■ **Assignment**
Return the listing below exactly as it stands. Pictures stay out.

■ **Supplied information**
□ □ □ □ □
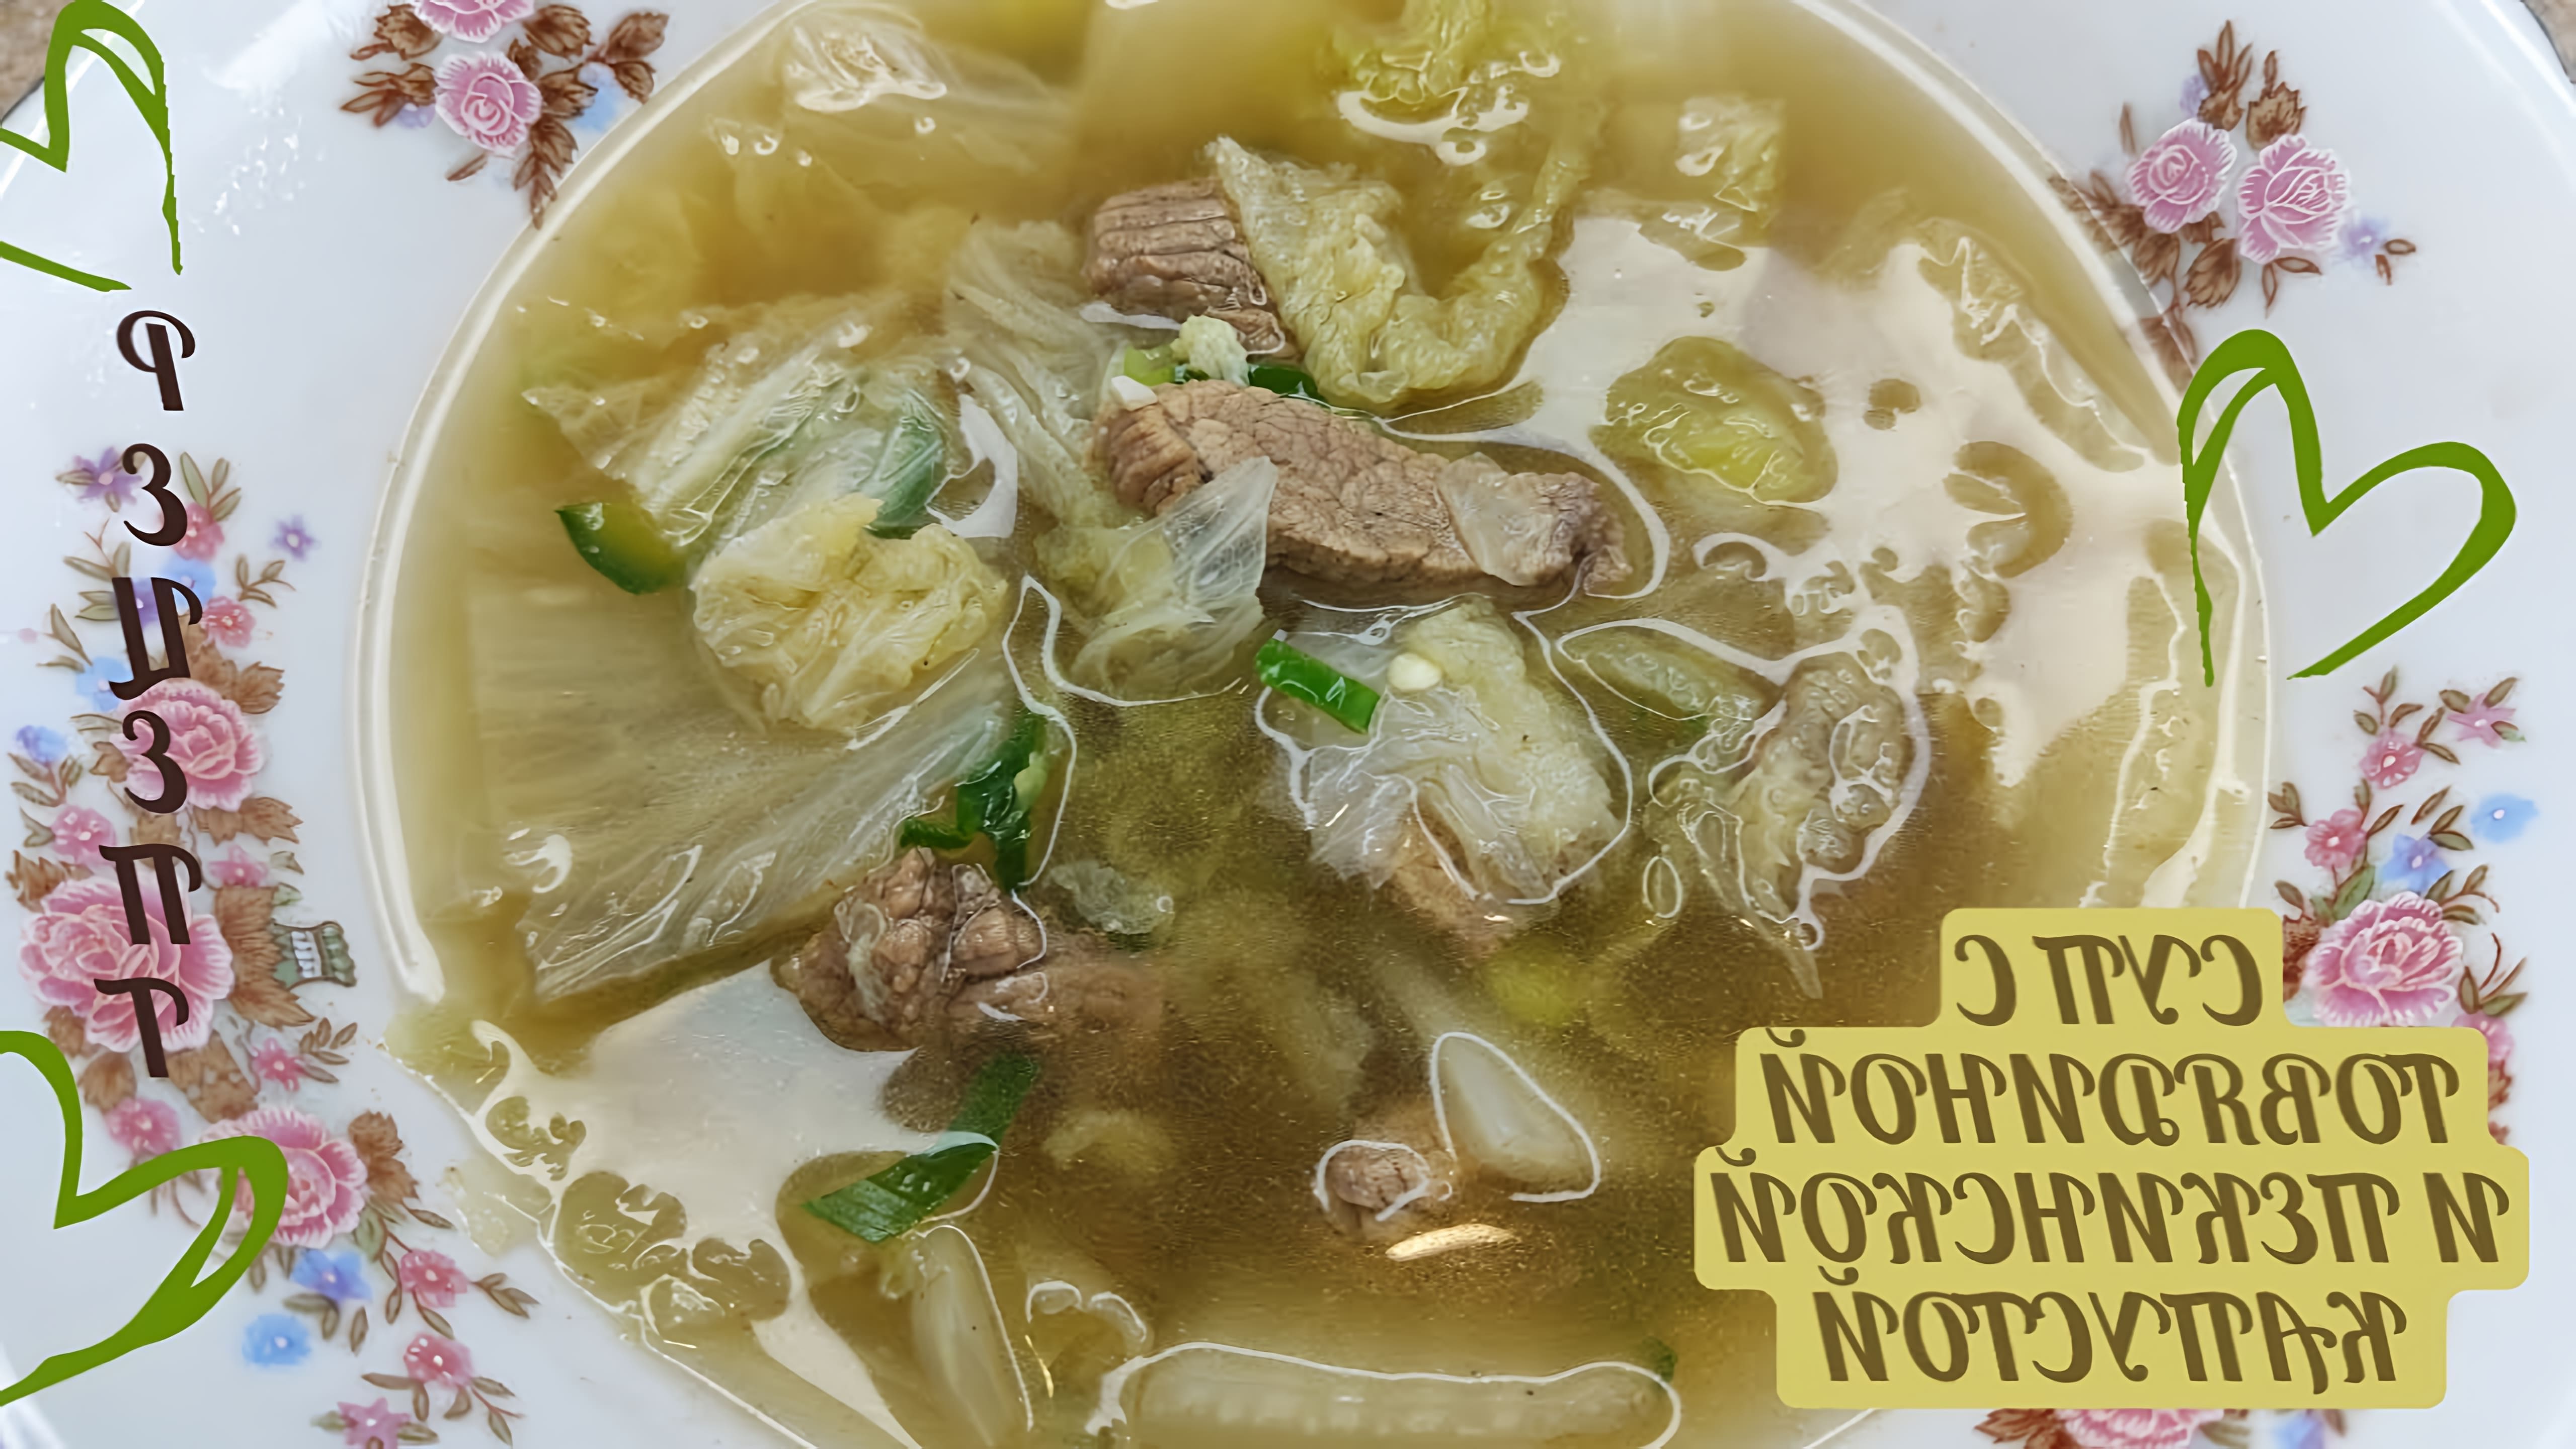 В этом видео демонстрируется рецепт корейского супа из пекинской капусты и говядины
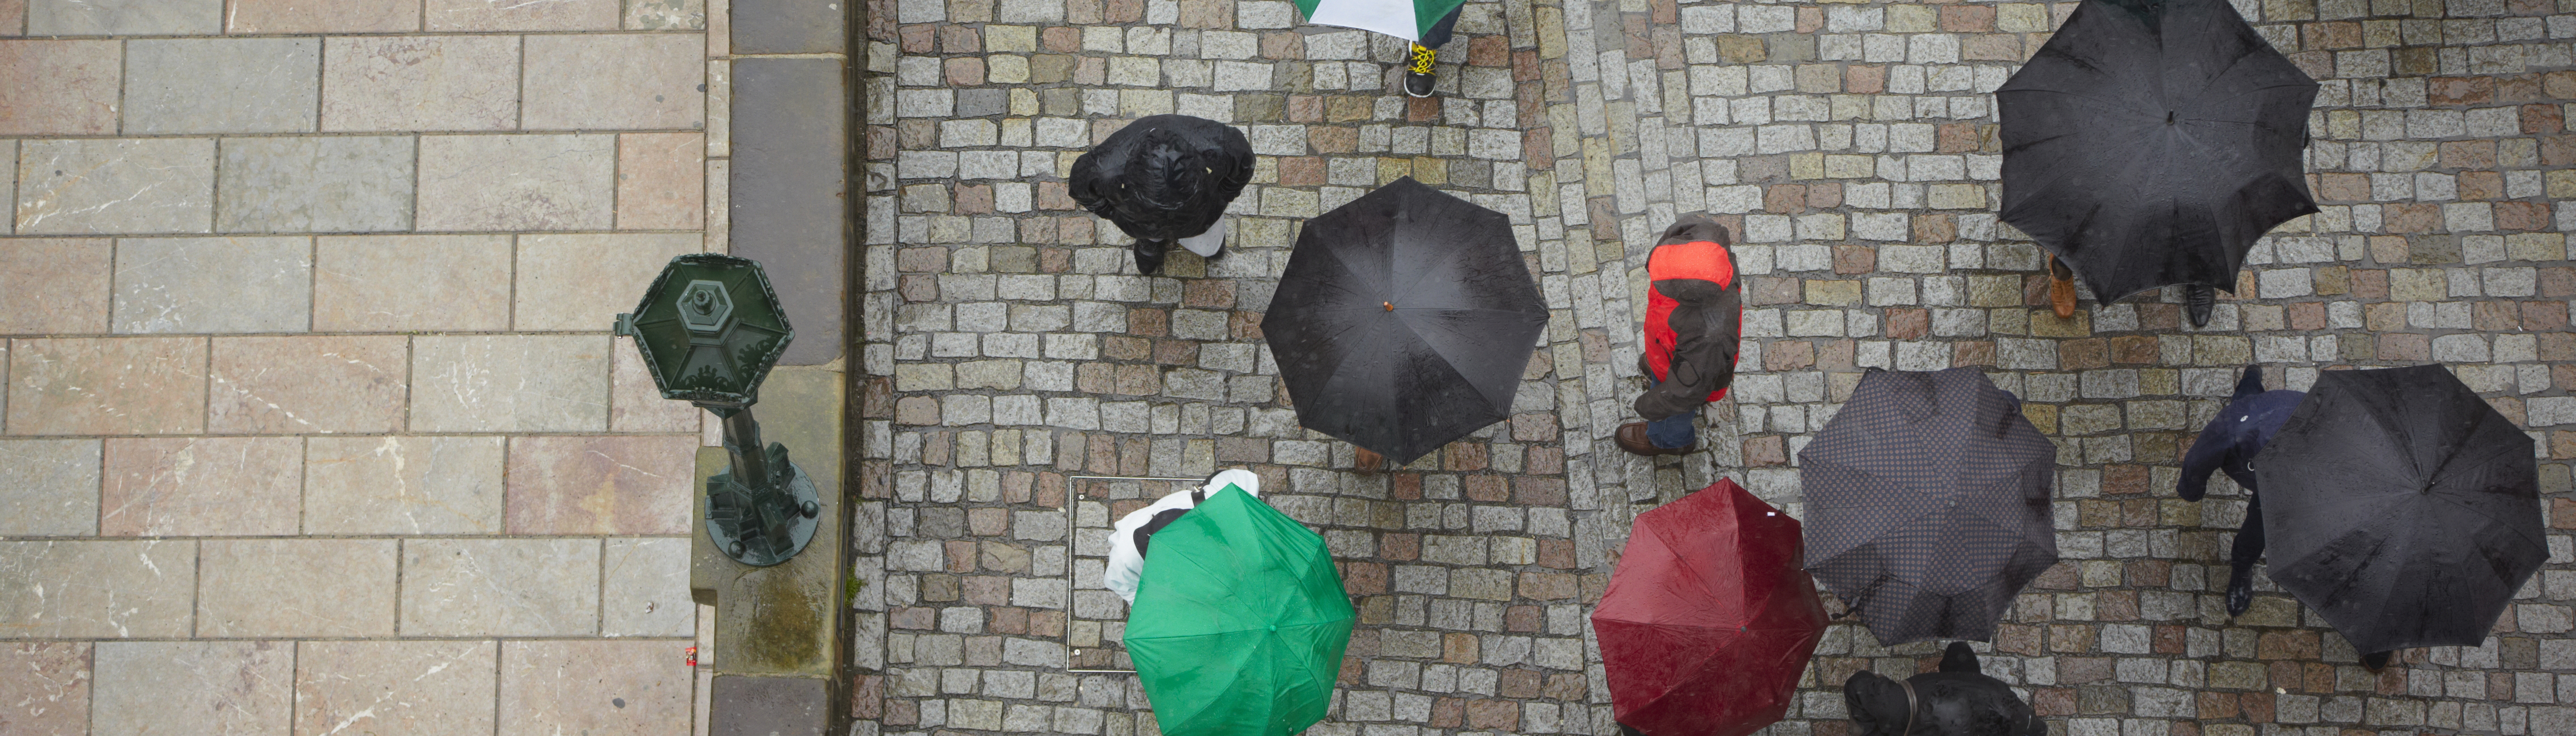 Bild tagen uppifrån på en gata med kullersten där det går folk med paraplyn.
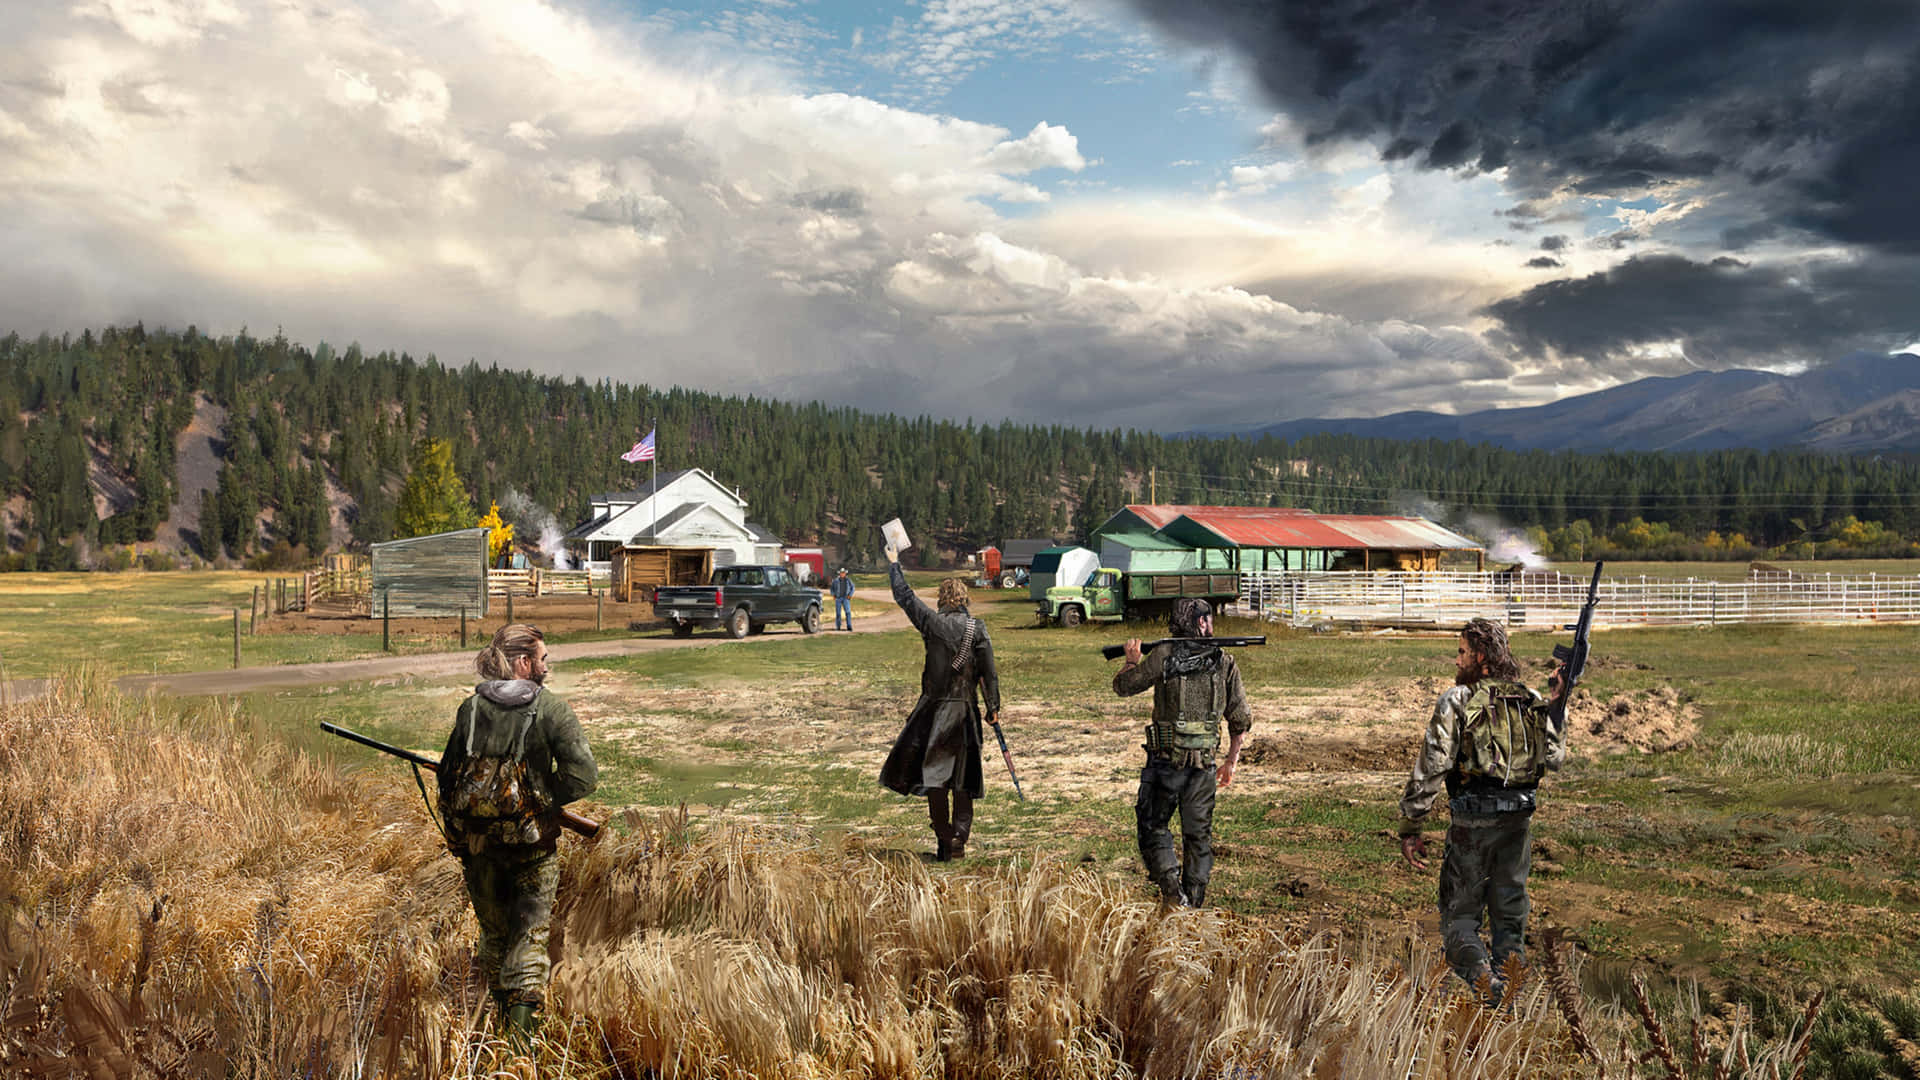 Vivile Incredibili Immagini Di Far Cry 5 In 4k Ultra Hd. Sfondo
□ □ □ □ □
■ **Output**
 В этом видео демонстрируется рецепт корейского супа из пекинской капусты и говядины
 Bild tagen uppifrån på en gata med kullersten där det går folk med paraplyn.
 Vivile Incredibili Immagini Di Far Cry 5 In 4k Ultra Hd. Sfondo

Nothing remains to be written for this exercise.